§ TASK ITEM:
Pictures are to be excluded. Please print only the lines from the one containing "Kenali's Studio Arabika" through the end of the data, exactly as they appear.

::: INFORMATION SHOWN :::

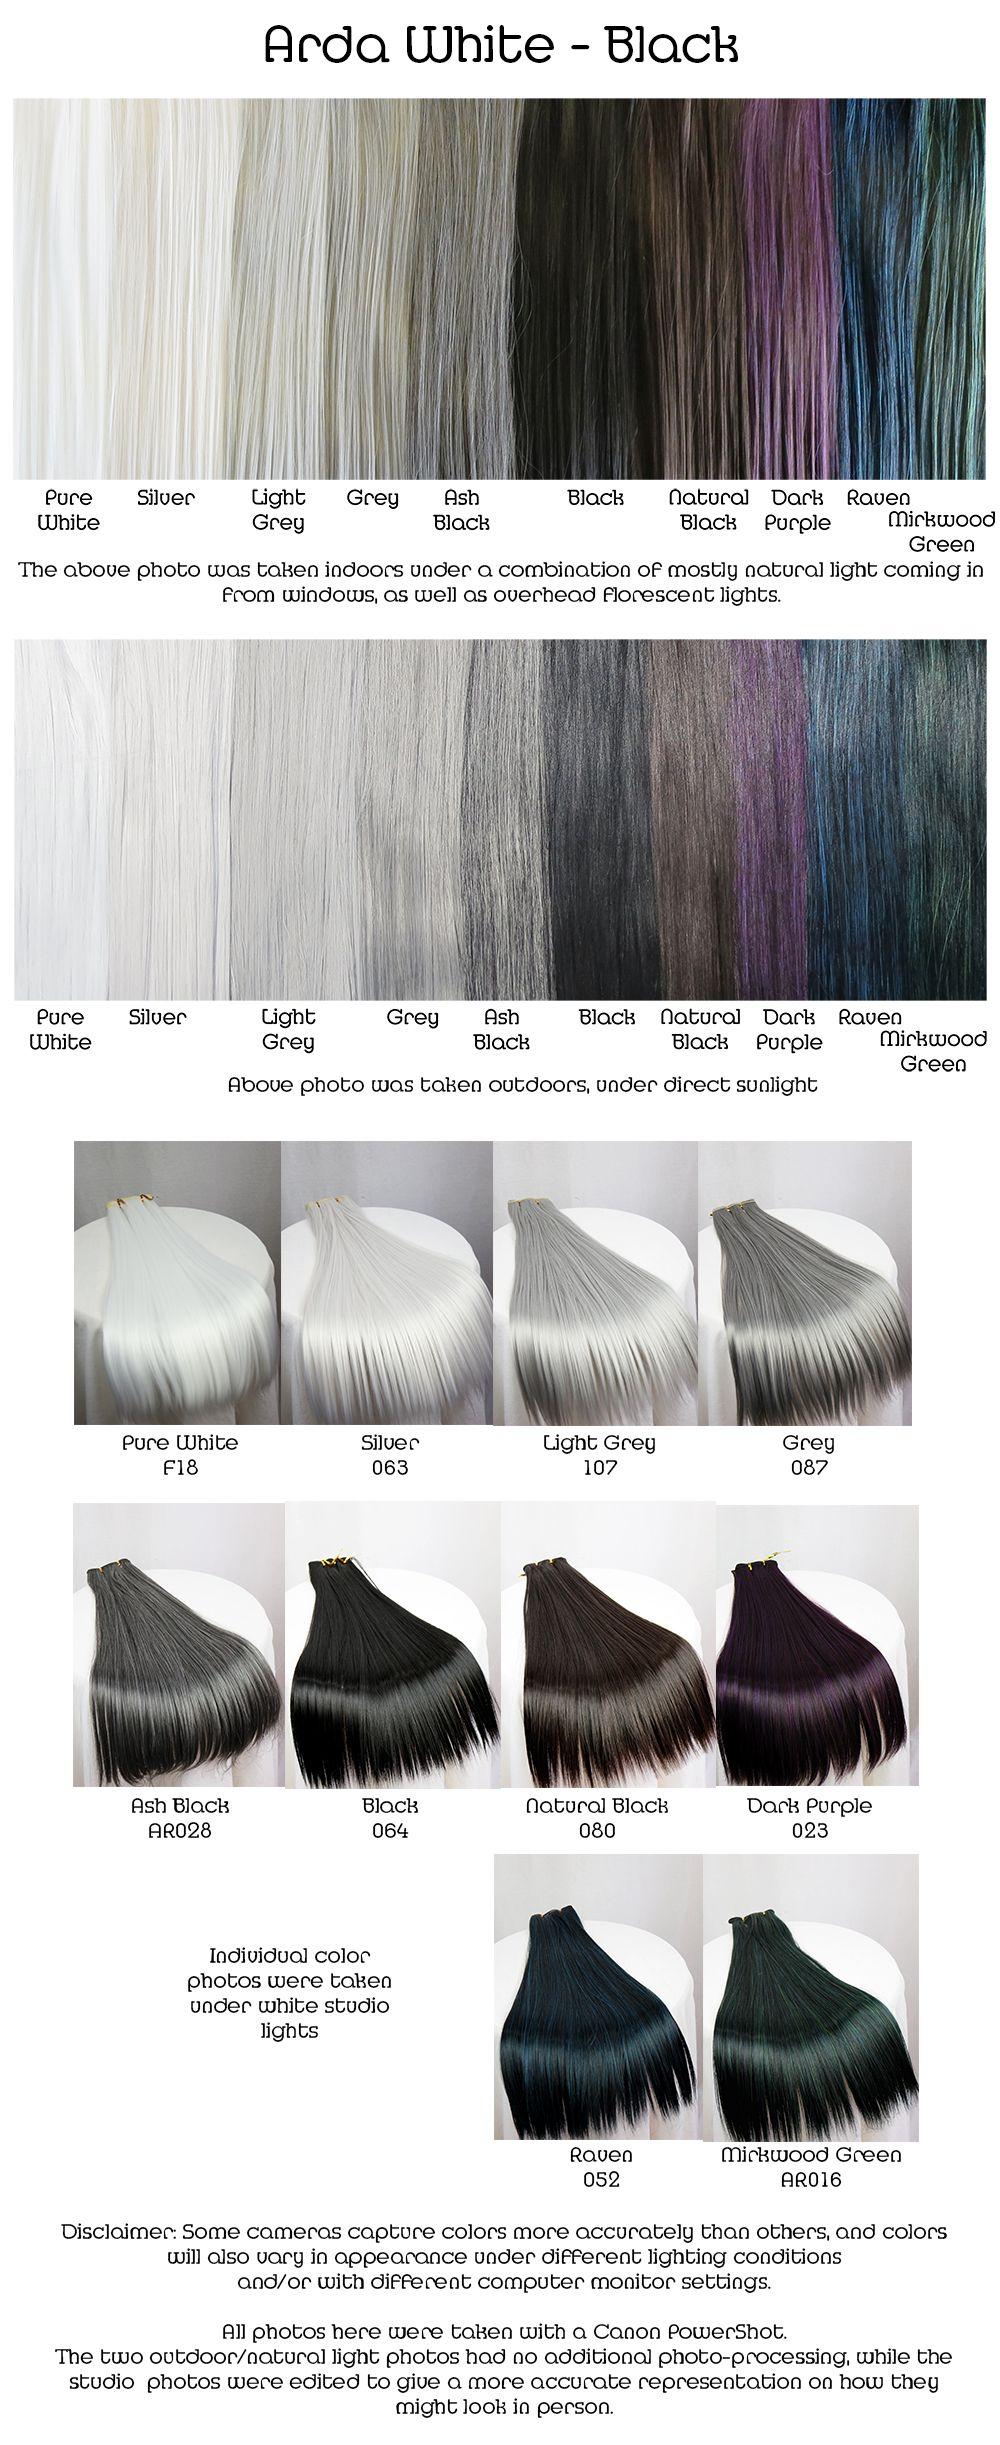 Color chart for wigs - Arda White Black Wig Fiber Color Pallette
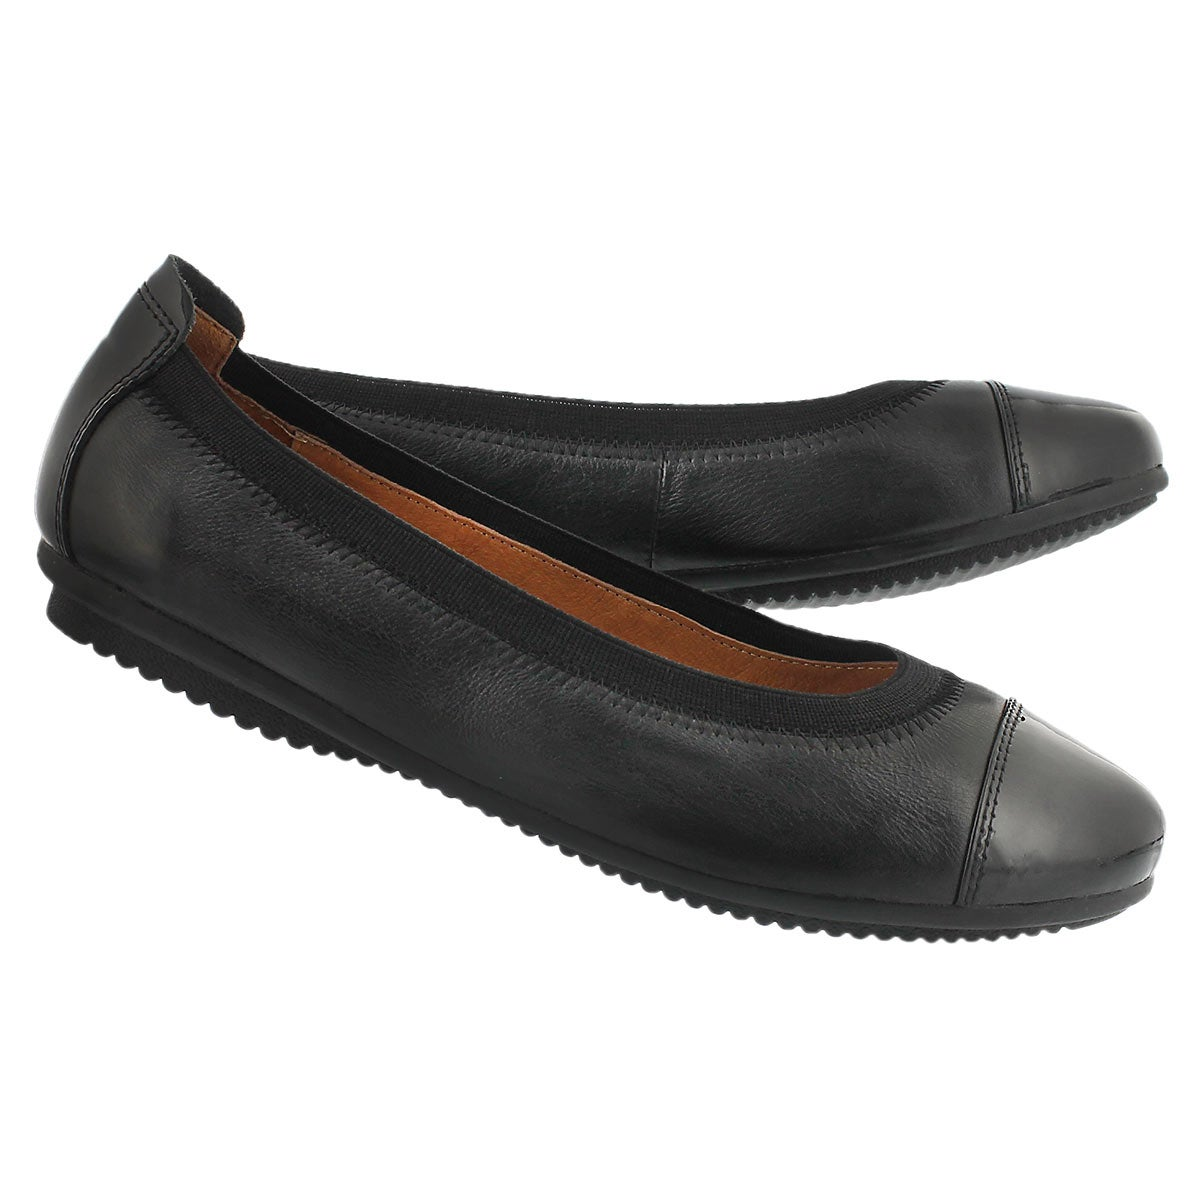 Ballerine Pippa 07, cuir noir, femmes
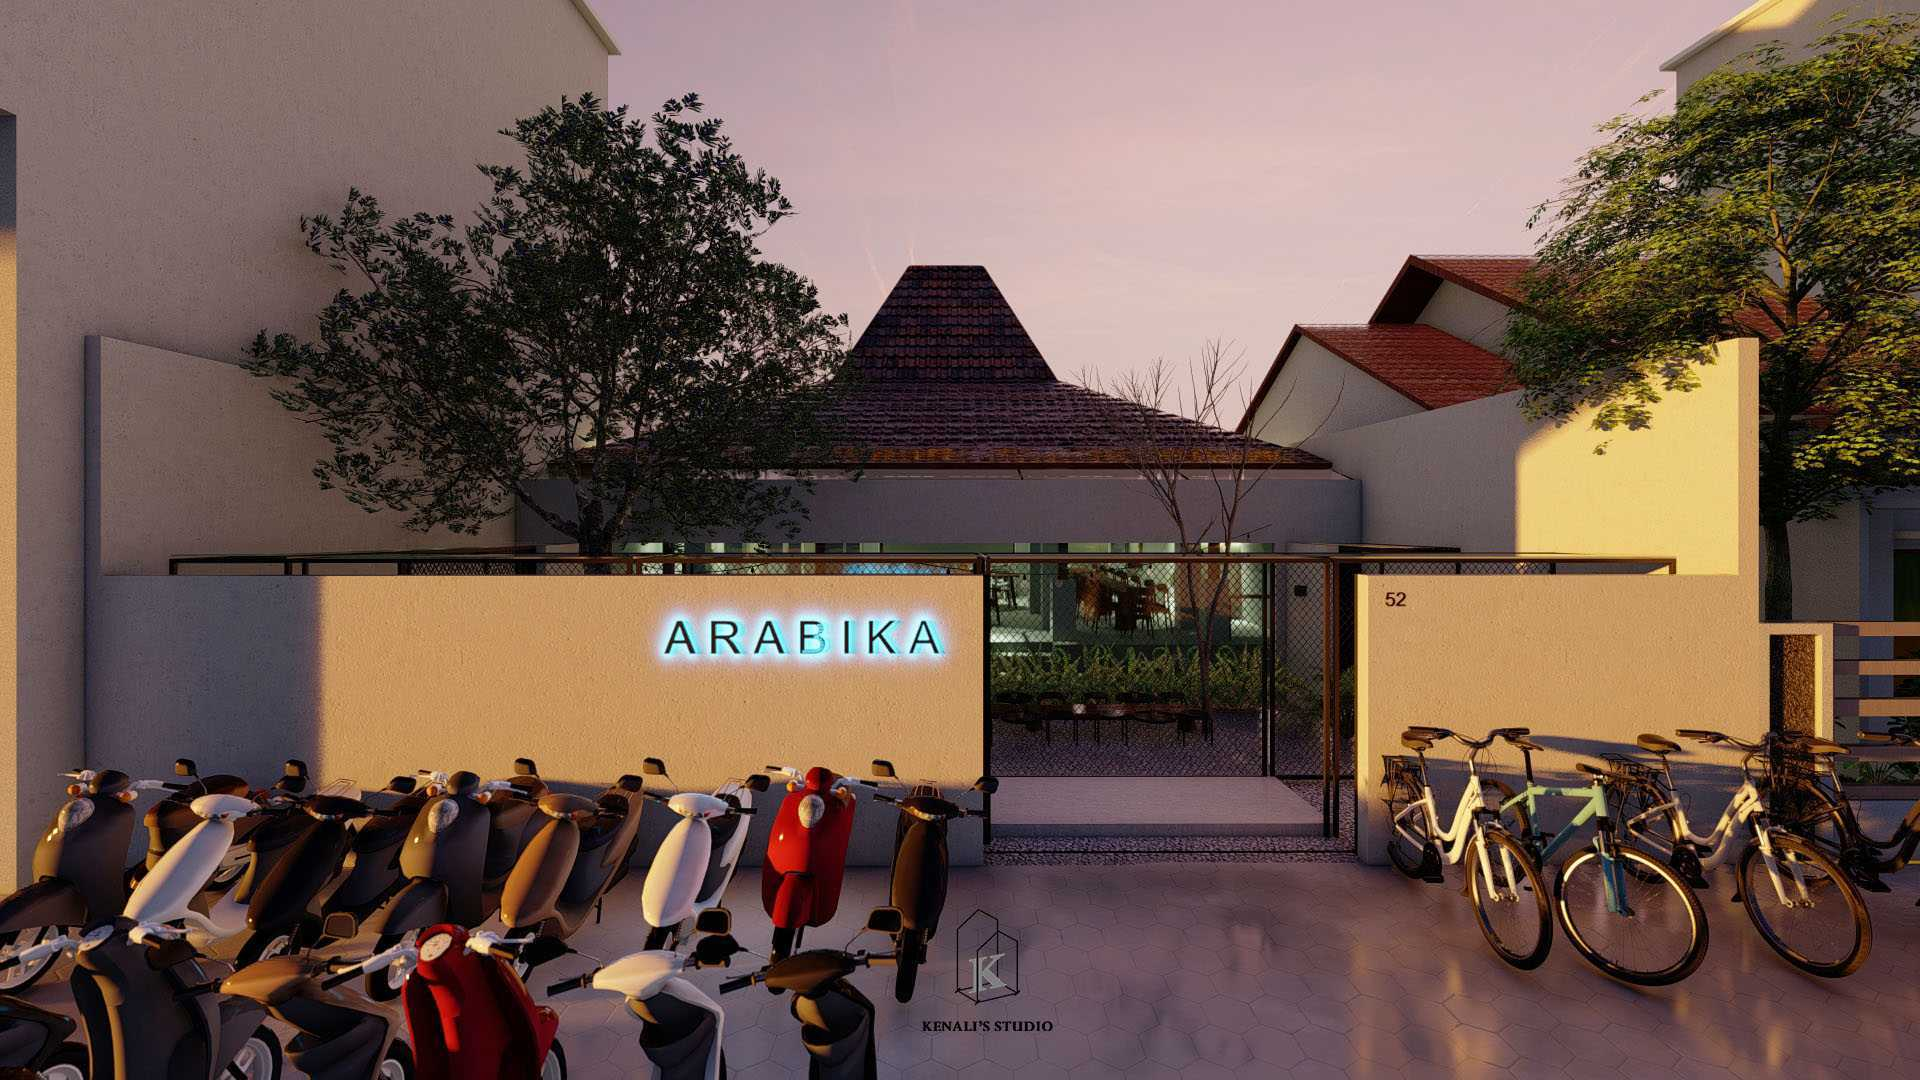 Kenali's Studio Arabika Cafe Semarang, Kota Semarang, Jawa Tengah, Indonesia Semarang, Kota Semarang, Jawa Tengah, Indonesia Kenalis-Studio-Arabika-Cafe Scandinavian 93651
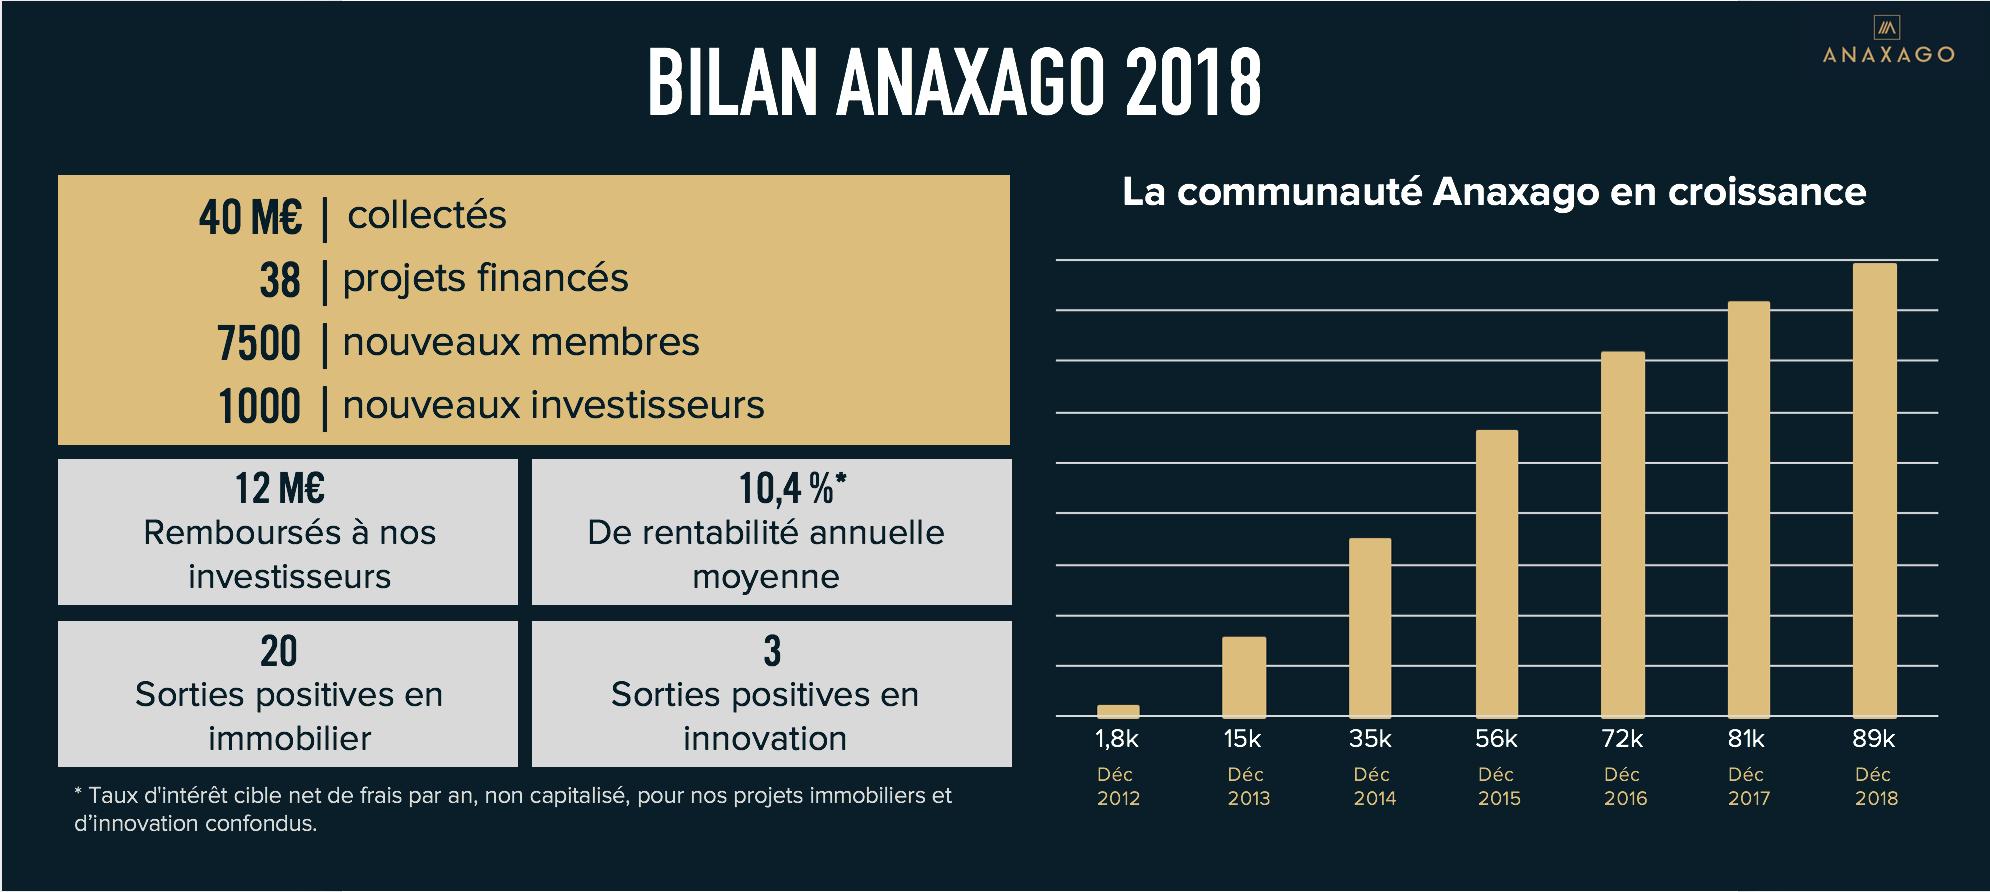 année 2018 crowdfunding anaxago

:::

§ WRITTEN REPLY:
 Kenali's Studio Arabika Cafe Semarang, Kota Semarang, Jawa Tengah, Indonesia Semarang, Kota Semarang, Jawa Tengah, Indonesia Kenalis-Studio-Arabika-Cafe Scandinavian 93651
 année 2018 crowdfunding anaxago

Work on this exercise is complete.